In addition, the combination of MEC and SCN is also a feasible solution. MEC has powerful computing and storage performance, and small cellular networks have excellent short-distance communication capabilities, so researchers combine MEC with SCN. Wang et al. [16] jointly optimized the video service cache decision and wireless computing resource allocation. They adopted robust optimization to obtain the optimal caching decision and allocated radio and computing resources for video transcoding accordingly. Cai [17] studied an offloading method of parallel communication and computation in a multiuser system to minimize task delay. Jia et al. [18] proposed an energy-saving computing offloading scheme with edge computing and device-to-device (D2D) communication in 5G cellular networks. They defined the computational offloading problem as a stochastic optimization problem and used the Lyapunov optimization technology framework to solve the problem.

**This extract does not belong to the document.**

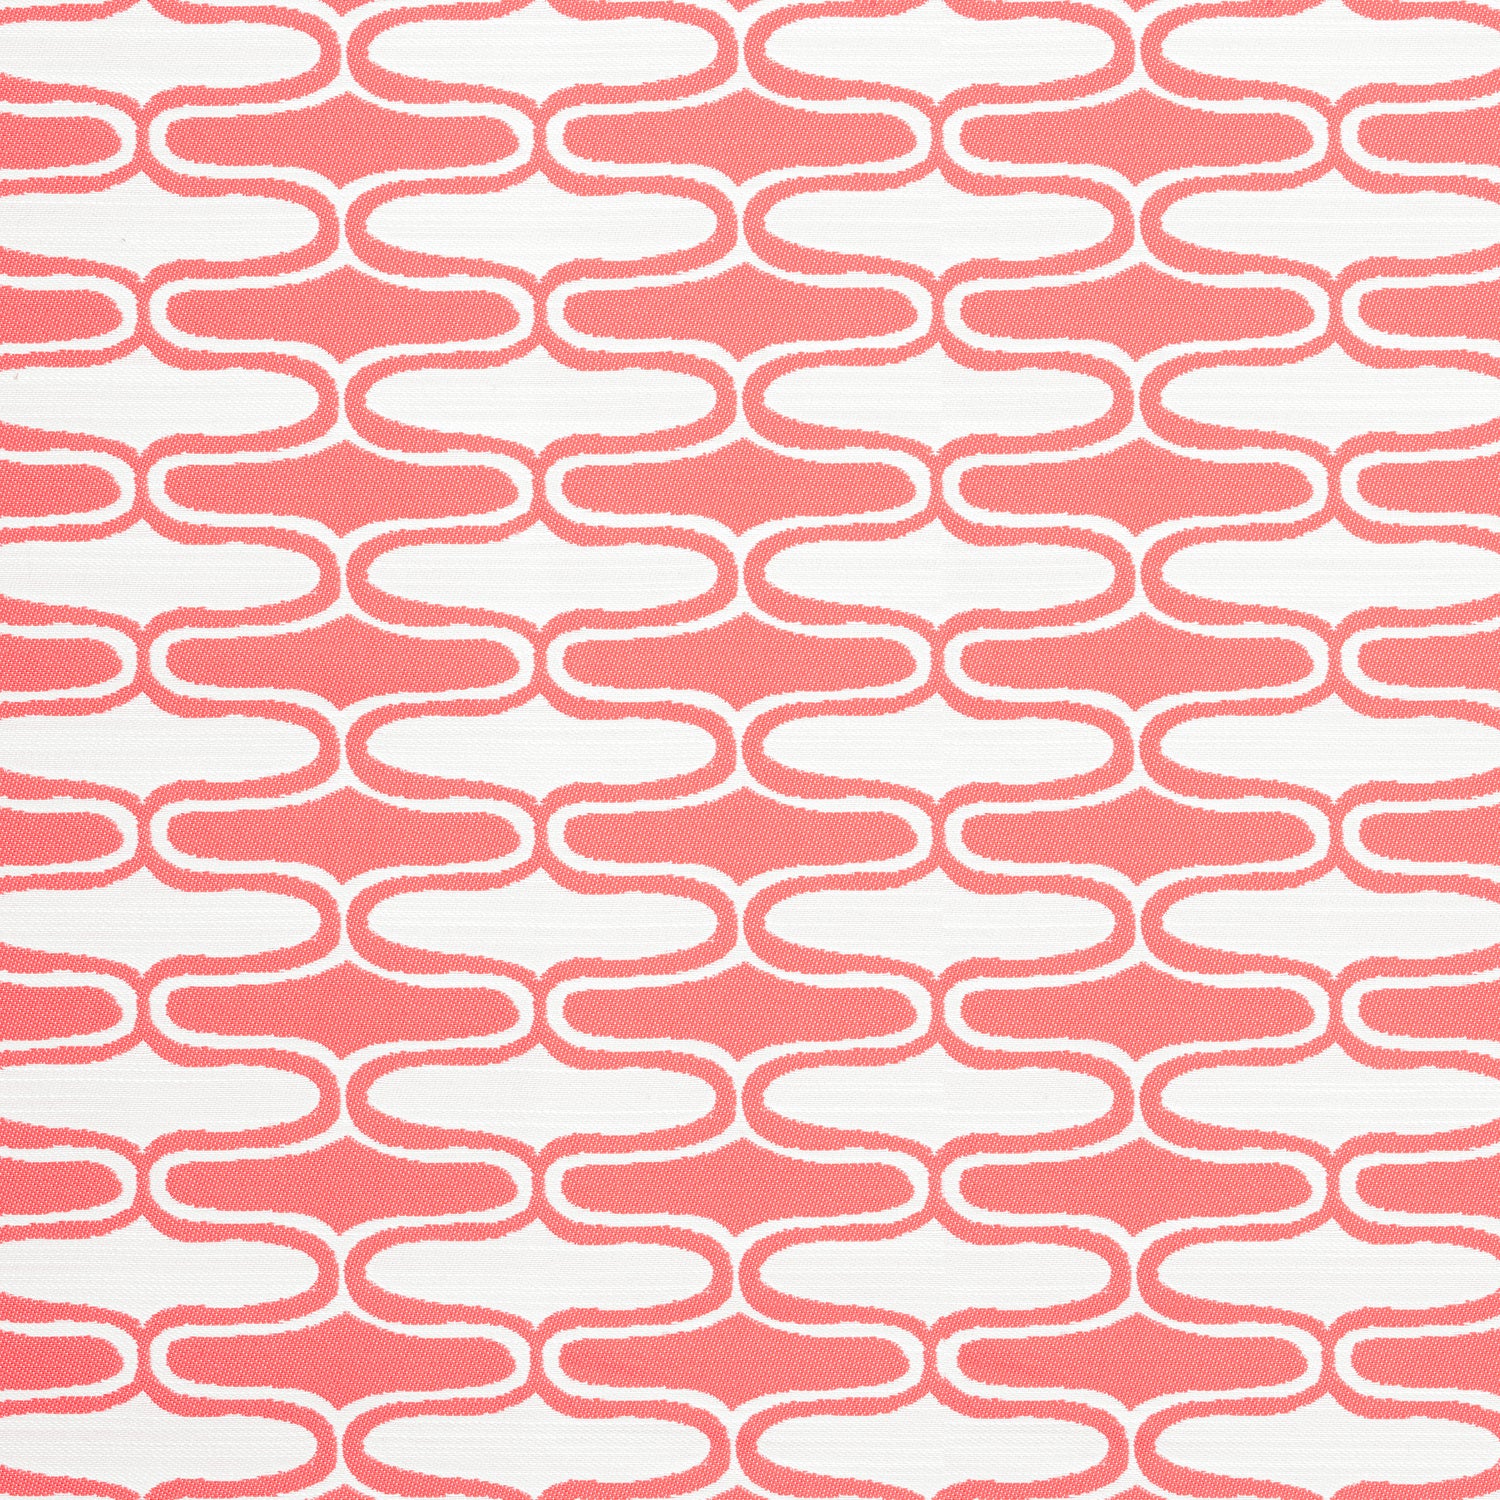 Saraband fabric in coral color - pattern number W8532 - by Thibaut in the Villa collection

The security issues of MEC in the process of computing migration should also draw the attention of researchers. Elgendy et al. [19] introduced AES encryption technology as a security layer to protect sensitive information from network attacks. On this basis, they proposed an integrated model that comprehensively considers security, computational offloading, and resource allocation and improved the performance of the entire system through optimal computational offloading decisions. Abd El-Latif [20] proposed a new authentication encryption protocol based on Quantum Excited Quantum Walk (QIQW) and used this protocol to build a blockchain framework to ensure secure data between IoT devices transmission. Besides, the researchers developed a novel VANET architecture by combining MEC, SDN, and D2D to solve the challenges of high traffic density and blind spots in the vehicle network [21]. They also used the powerful computing of the MEC platform to solve the optimization of video application migration performance [22] and resource constraints of industrial IoT equipment [23] and other issues.

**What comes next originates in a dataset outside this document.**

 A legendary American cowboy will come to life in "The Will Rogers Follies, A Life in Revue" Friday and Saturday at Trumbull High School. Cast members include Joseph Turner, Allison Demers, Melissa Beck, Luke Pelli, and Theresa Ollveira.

3. Problem Description and Model Building

3.1. Problem Description

Assuming the small cellular network in the MEC network environment is shown in Figure 1, in which the cell of SCN has a small base station, the number of MEC platform and mobile users is N, and the devices will simultaneously perform a task migration in each time interval t. Mobile devices have independent channels when accessing the MEC platform through the SBS, so this paper is not considered channel interference. Usually, the SBS needs to maintain the maximum signal transmission power to cover the whole community so that all mobile devices’ communication quality can be guaranteed. However, the user’s location is continually changing, and the SBS always maintains the maximum power, which will cause a waste of base station energy. Therefore, the SBS must adjust the signal coverage area appropriately according to the community’s user position. Learning from the method of Guo [7] to solve this problem, this paper also uses cell range extension (CRE) to adjust the coverage range of each SBS. CRE is a technique to expand a picocell range virtually by adding a bias value to the pico received power, instead of increasing transmit power of pico base station, so that coverage, cell-edge throughput, and overall network throughput are improved. Simultaneously, the communication power between devices will also be adjusted adaptively based on device spacing.

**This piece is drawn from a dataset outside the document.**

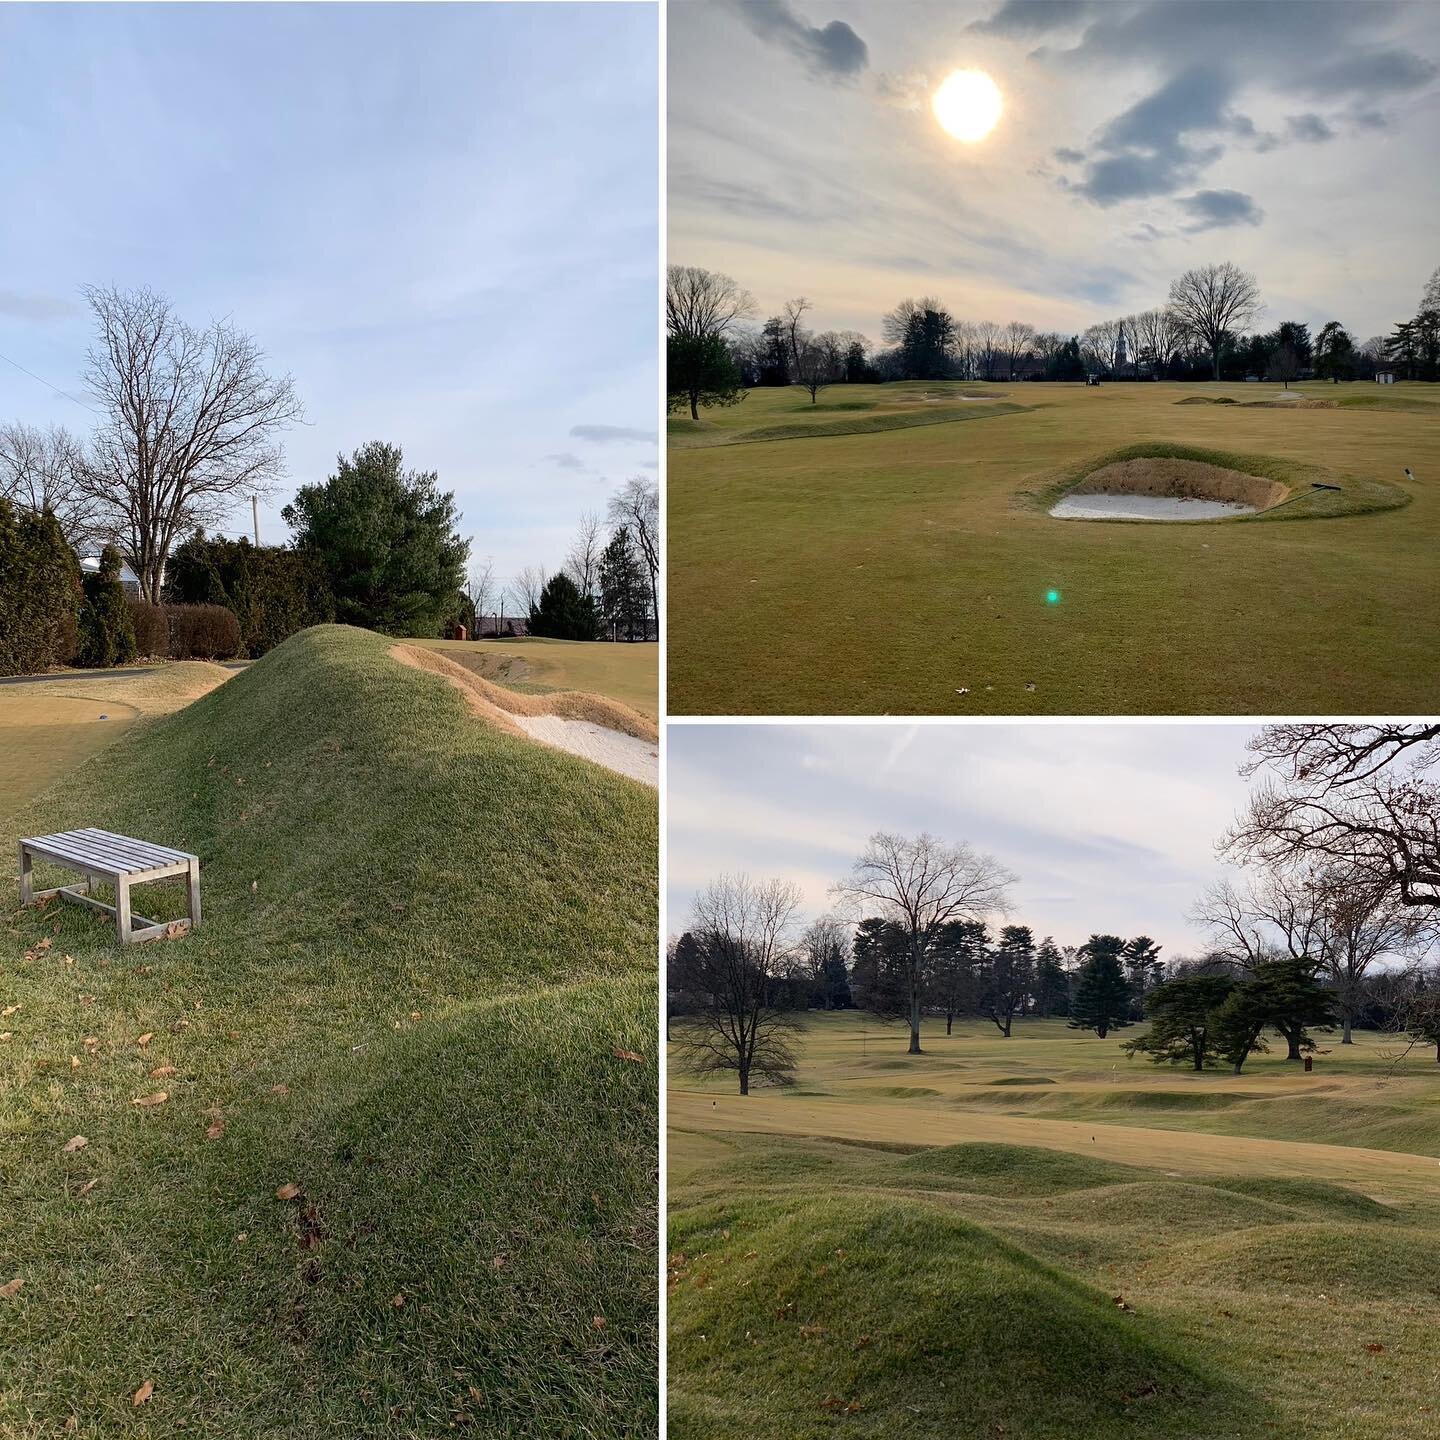 Finally got to see the second half of @bschneidergolf and @dundeegolf &lsquo;s super creative work at @llanerchcc. These above ground features inspired by early or pre-Golden Age work make for a distinguished landscape and golf experience. It&rsquo;s

In addition, the research on task migration in this paper is based on the background of resource cache. In previous studies, the resource requested by the MEC platform is cached in advance by the mobile device. When the device’s task program migrated to the MEC platform, the platform will directly call resources for processing. However, there are many mobile devices in the cell, and the MEC platform caches the required resources for all devices in advance, which will inevitably cause the MEC platform itself to run too much. It does not efficiently utilize resources to release the previous resources directly after completing task program processing. This paper assumes that each cell’s MEC platform in SCN will use the most frequently used resource in the last time interval t as the MEC platform’s precached resource in the next time interval t. Besides, when the mobile device in cell A migrates the task program to the current MEC platform, it first detects whether the local platform’s resources meet the processing requirements. If yes, the platform caches all the resources requested by the device and the platform directly processes the task. If not, the platform partially caches or does not cache the resources requested by the device; the platform will continue to detect the resources of other cell platforms until it meets the required resources for cross-cell task processing. If the last cell is detected and no platform meets the processing requirements, the MEC platform of the cell where the user is located downloads the required resources from the small base station. The research goal of this paper is to minimize the overall energy consumption of all devices during task migration under the premise of resource cache.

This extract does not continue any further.